Gray did, quickly and cleanly, leaving out more than Jack would have left out, but she managed to keep herself quiet.

“So, the two of you were going to see our little weasel to speak to him about his lack of manners?”

“Actually,” Gray said, “I haven’t decided just yet what to do with the Honorable Clyde, the mangy little sot.”

Jack said with relish, “I vote we break his neck, but in a very subtle way so that everyone believes it’s an accident.”

Gray laughed and hugged her against his side. “Don’t ever try to hurt me, Ryder, else you’ll have my wife to deal with. Now, tell us your news.”

“Yes,” Jack said. “Have you decided how to re-rotten the borough?”

“No, there wasn’t even time to act. You see, my children took a hand.”
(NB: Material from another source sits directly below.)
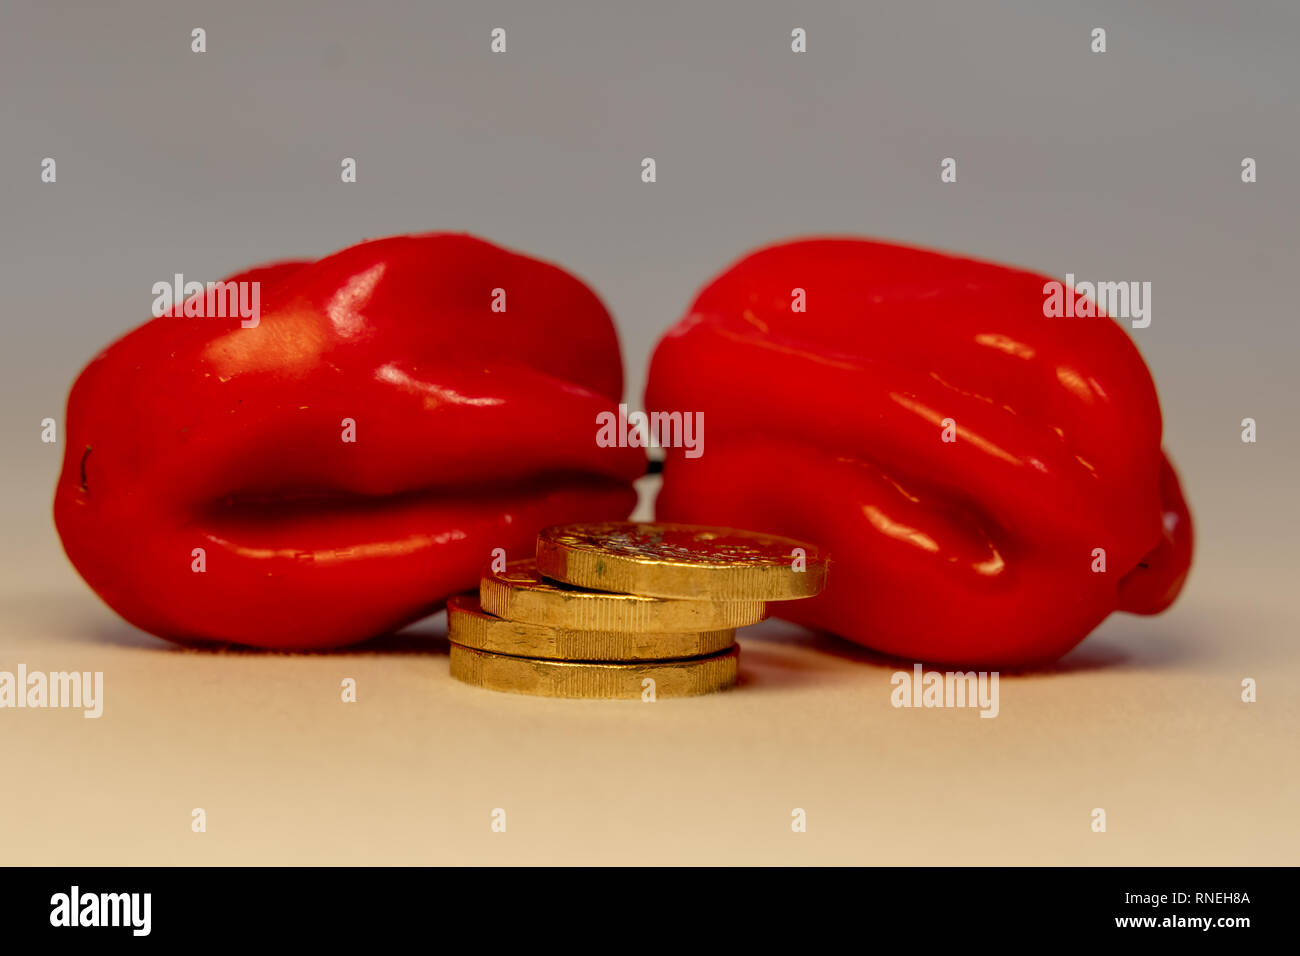 Ein Stapel von Shining Gold Münzen vor der Red Hot Habanero Paprika. Schnelle einfache oder heisses Geld Konzept. Stockfoto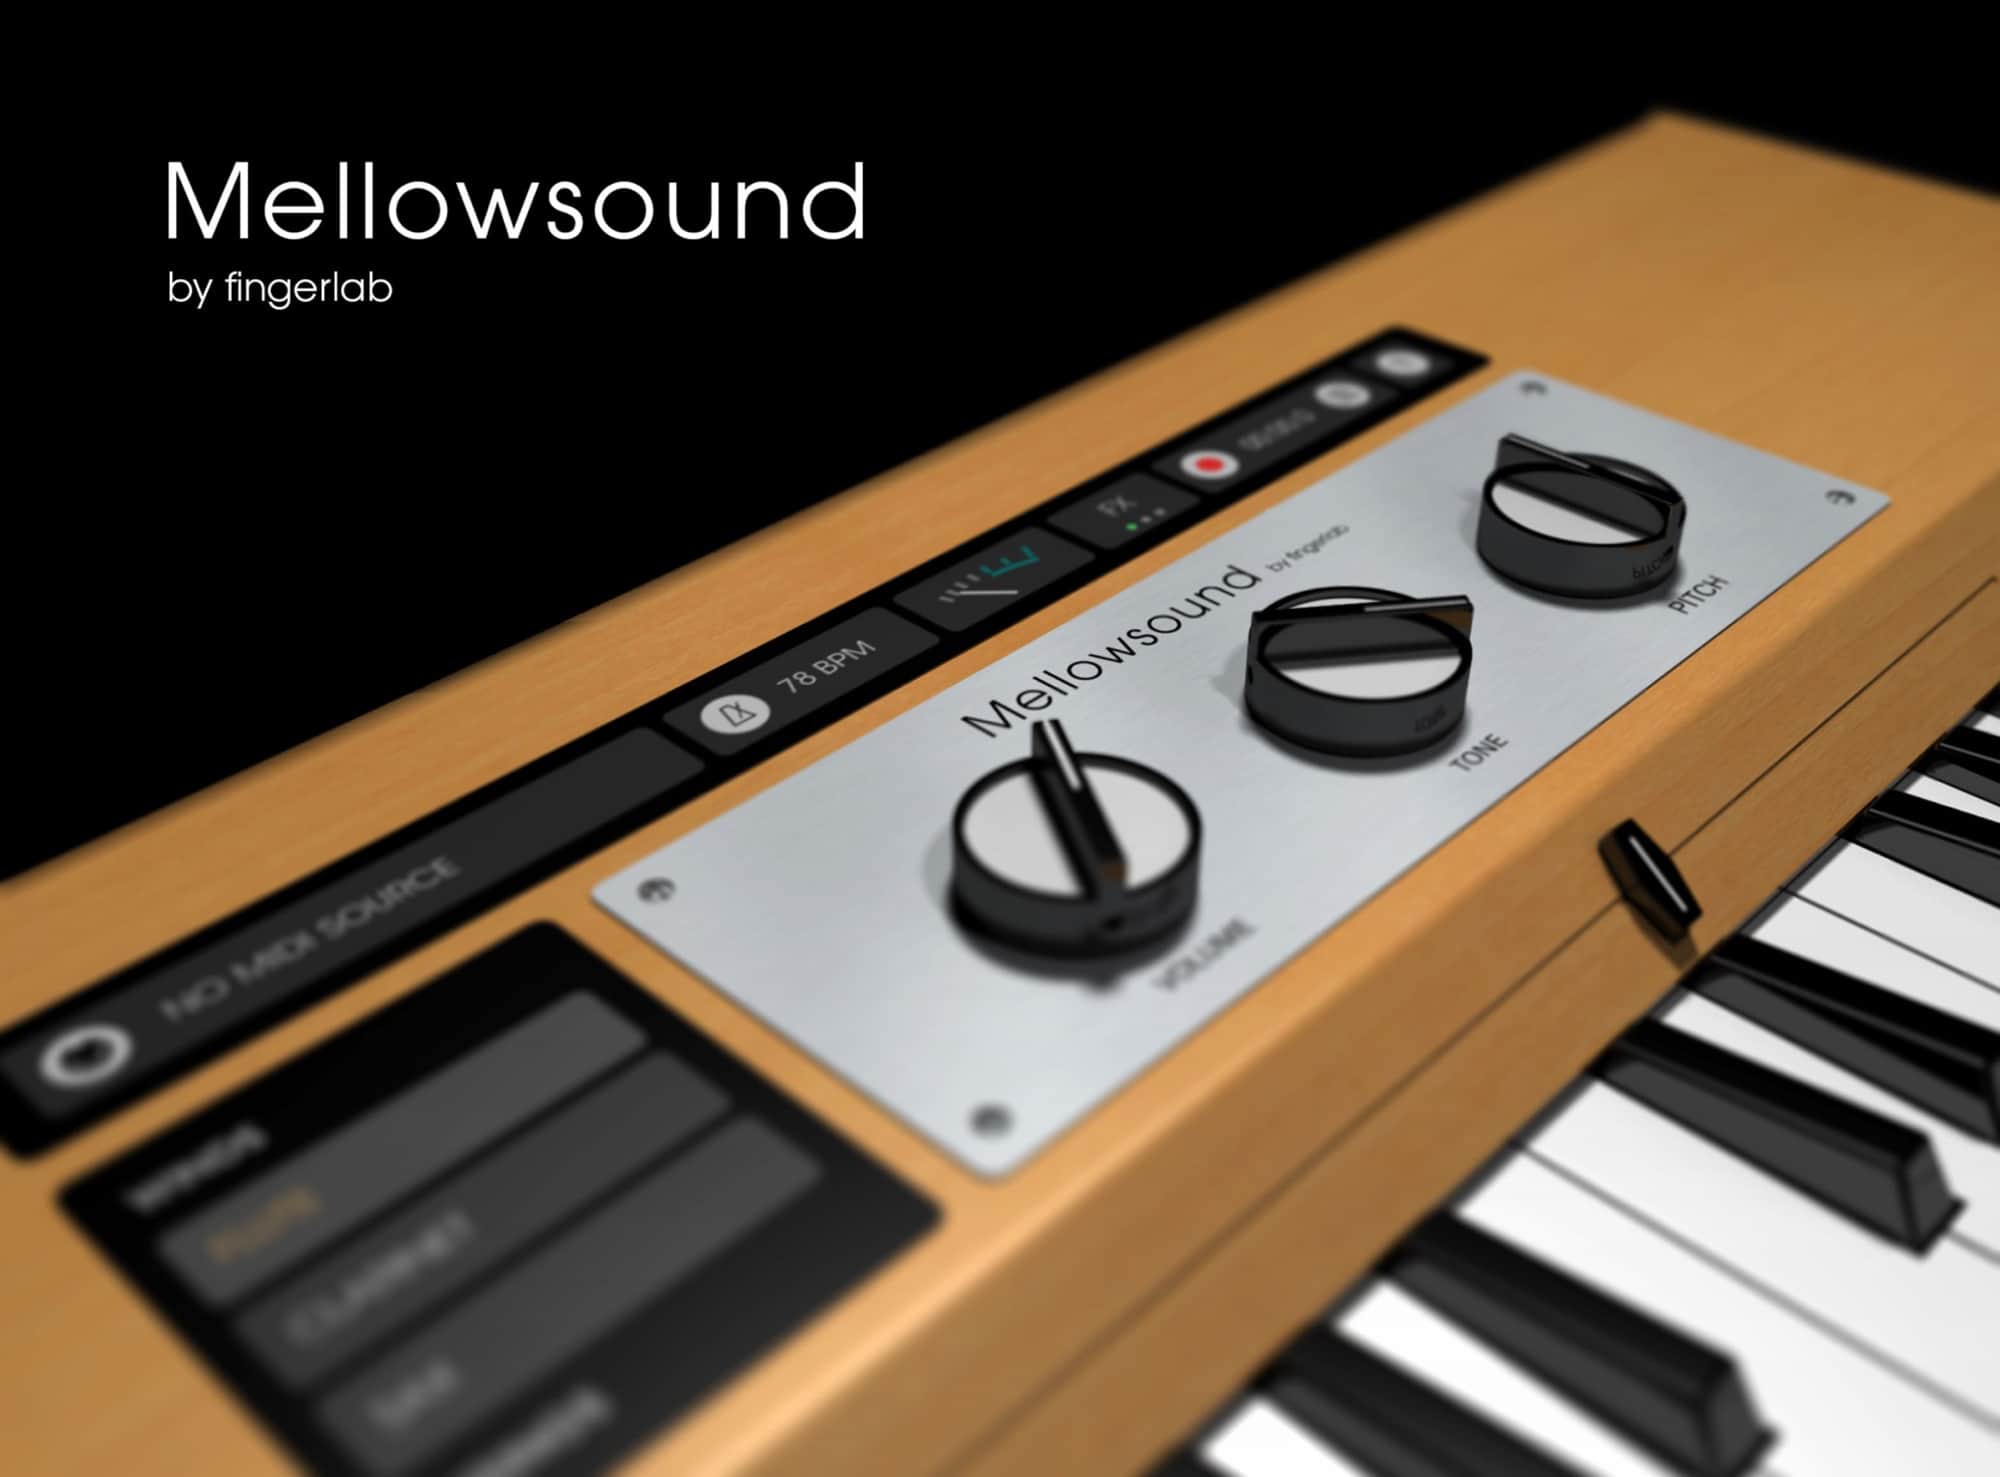 Mellow sounds app roundup

“Your children?” Jack said.

“Yes, all fourteen of them.”

33

“I WENT home to see just how easily I would be able to re-rotten the borough, and if I couldn’t manage to do that, then just what else I could do about that little fop, Horace Redfield. I soon learned that he’d spread his groats and his venom throughout Upper and Lower Slaughter.

“My Sophie was fit to shoot his ears off. Ah, she’s so very lovely when her eyes are sizzling with rage. I nearly forgot my own ire when I remarked upon her eyes and her lovely heaving chest. So then I—no, never mind that.

“Where was I? Oh, yes, it turns out that Oliver and Jeremy were home from Eton—” He looked over at Jack, adding, “Jeremy is Sophie’s younger brother, and Oliver is all of sixteen now, and a glorious young man. Douglas is very fond of Oliver as well and plans to train him to be the future steward of Northcliffe, but that’s neither here nor there.

“In any case, the boys soon discovered what was going on. They got all the children together and told them that they were going to ‘squish the bad man.”’ Ryder rubbed his hands together and grinned into the distance. “Ah, my sweet boys.”

“What happened?” Jack asked.

‘Jeremy and Oliver rightly decided that Mr. Redfield was doubtless a scoundrel and they took turns following him. They quickly discovered that he was seeing a woman in a small cottage just east of Upper Slaughter in the village of Primpton. Then they sent the children, in pairs, to see this woman. Her name is Fanny James, a former actress who was down on her luck, and because, she told Jeremy and Oliver, she couldn’t sew or cook, and scrubbing things would ruin her beautiful hands, and she didn’t want to starve, she became Redfield’s mistress. They told her that since she knew all about treading the boards, they wanted her to teach them how to act and perform a play.

“Fanny James was charmed, needless to say, particularly after all fourteen children trooped to her cottage door, sat at her feet, and listened reverently to every word that slid off her tongue.

“She visited Jane at Brandon House, met all the other staff, and Sophie as well.”

Ryder stopped, stared down at his boots, then threw back his head, and howled with laughter.

Gray waited until Ryder had quieted a bit, then said, “This Fanny James didn’t know what Redfield had done to blacken your good name, did she?”

“No,” Ryder finally said, shaking his head. “No, she didn’t know anything. In short, she fell in love with the children, with Jane and all the other women at Brandon House, and naturally with my Sophie. Ah, yes, and I don

’t want to forget Sally, a jewel, Gray, who has the children eating out of her hand. She’s one of the cooks,” Ryder added to Jack. At her still obvious confusion, he said, “Gray saved her from a brute of a drunken husband and brought her to me. She’s very happy, Gray.